Leave out any picture and return the remaining listing below exactly as given.
Segment Start: Information shown
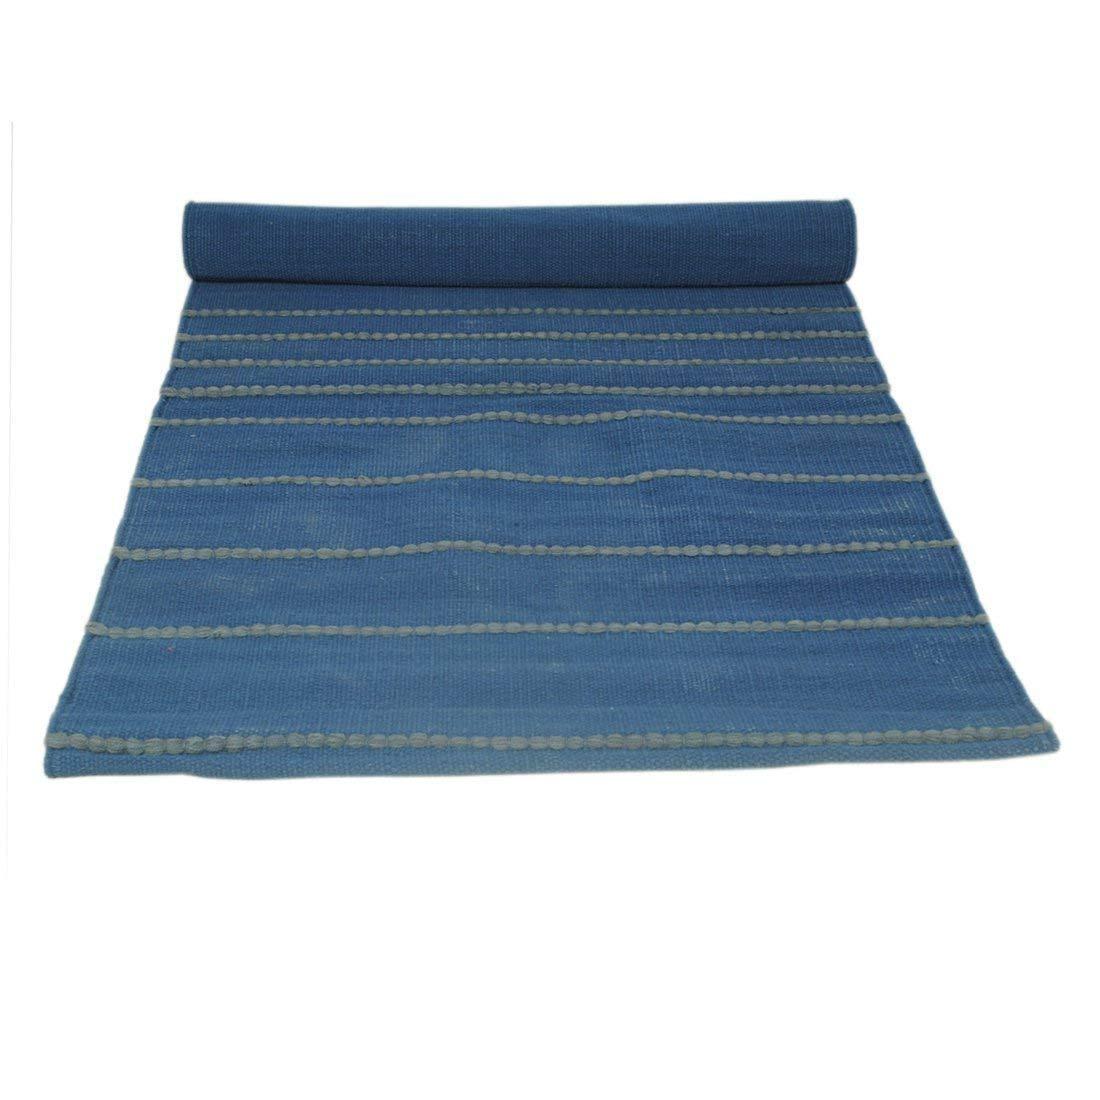 Organic cotton mat for Yoga, Pilates, Fitness, and Meditation - Blue
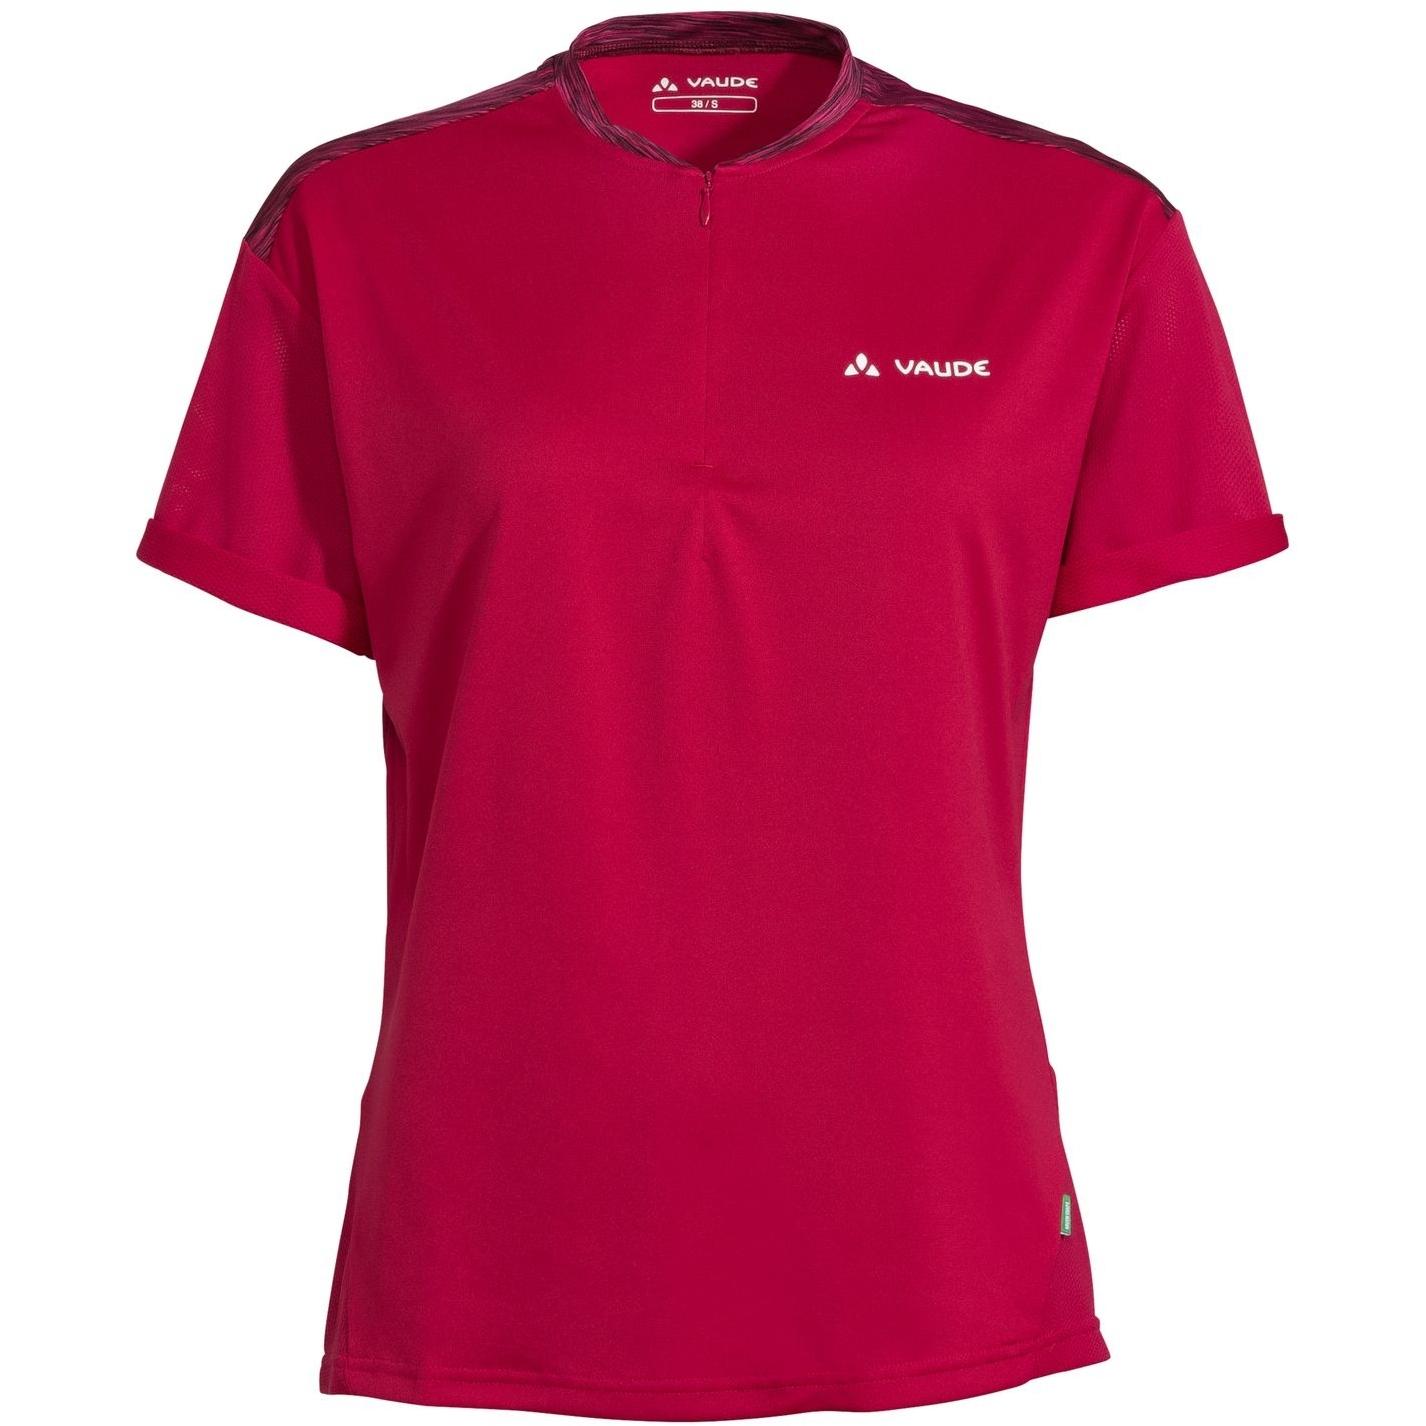 Vaude Qimsa Damen T-Shirt - crimson red
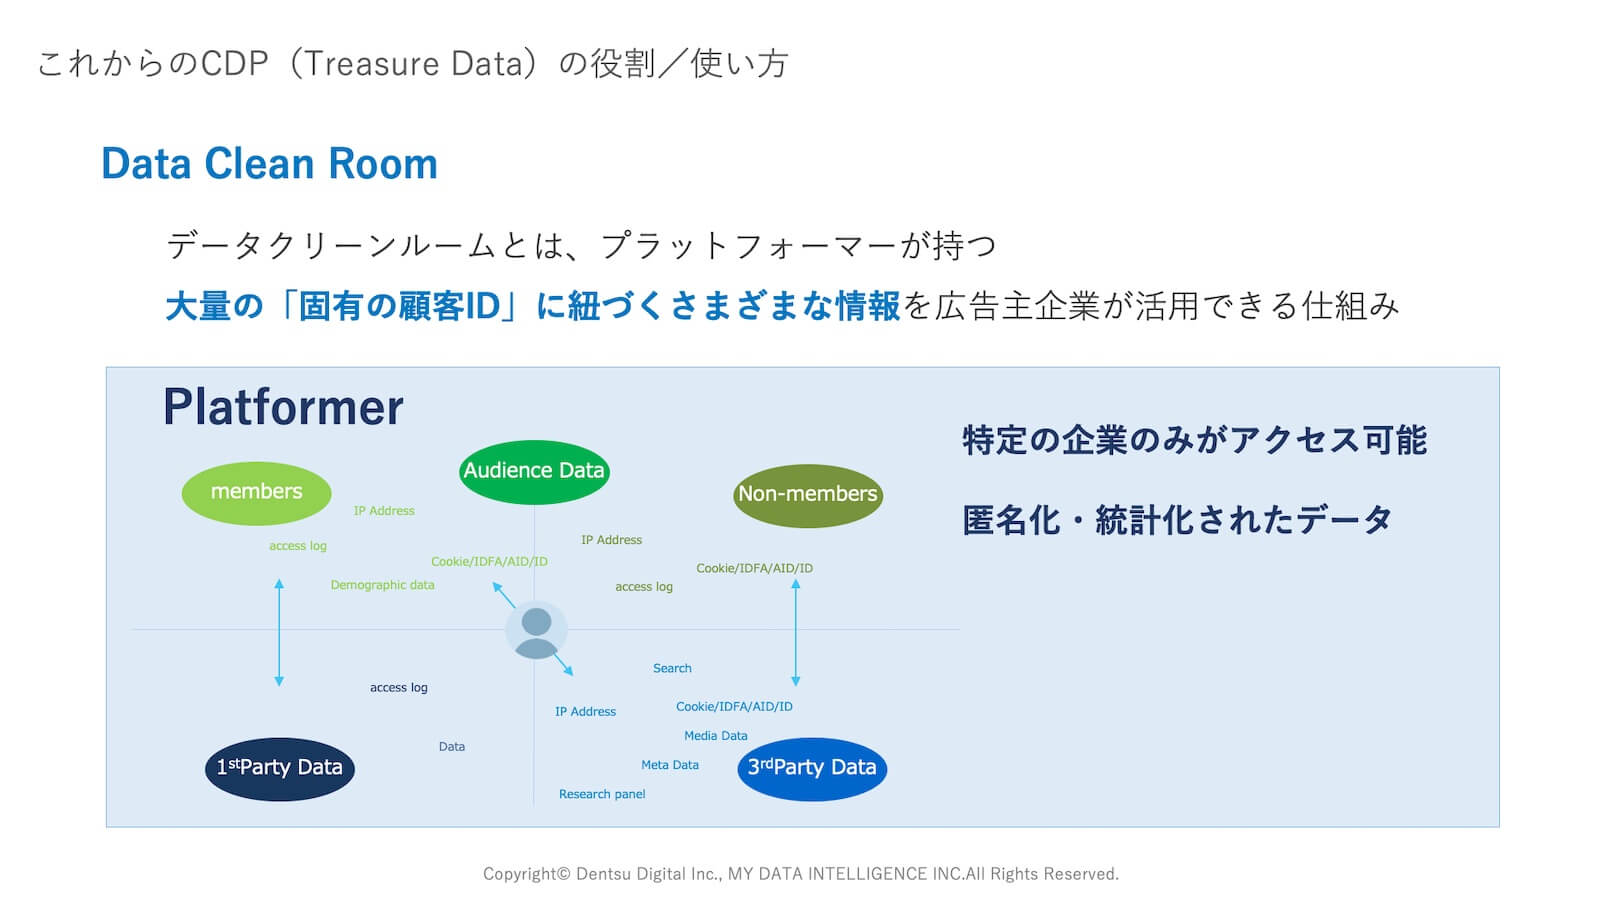 Data Clean Room
Segment End: Information shown
Exercise result -
 Organic cotton mat for Yoga, Pilates, Fitness, and Meditation - Blue
 Vaude Qimsa Damen T-Shirt - crimson red
 Data Clean Room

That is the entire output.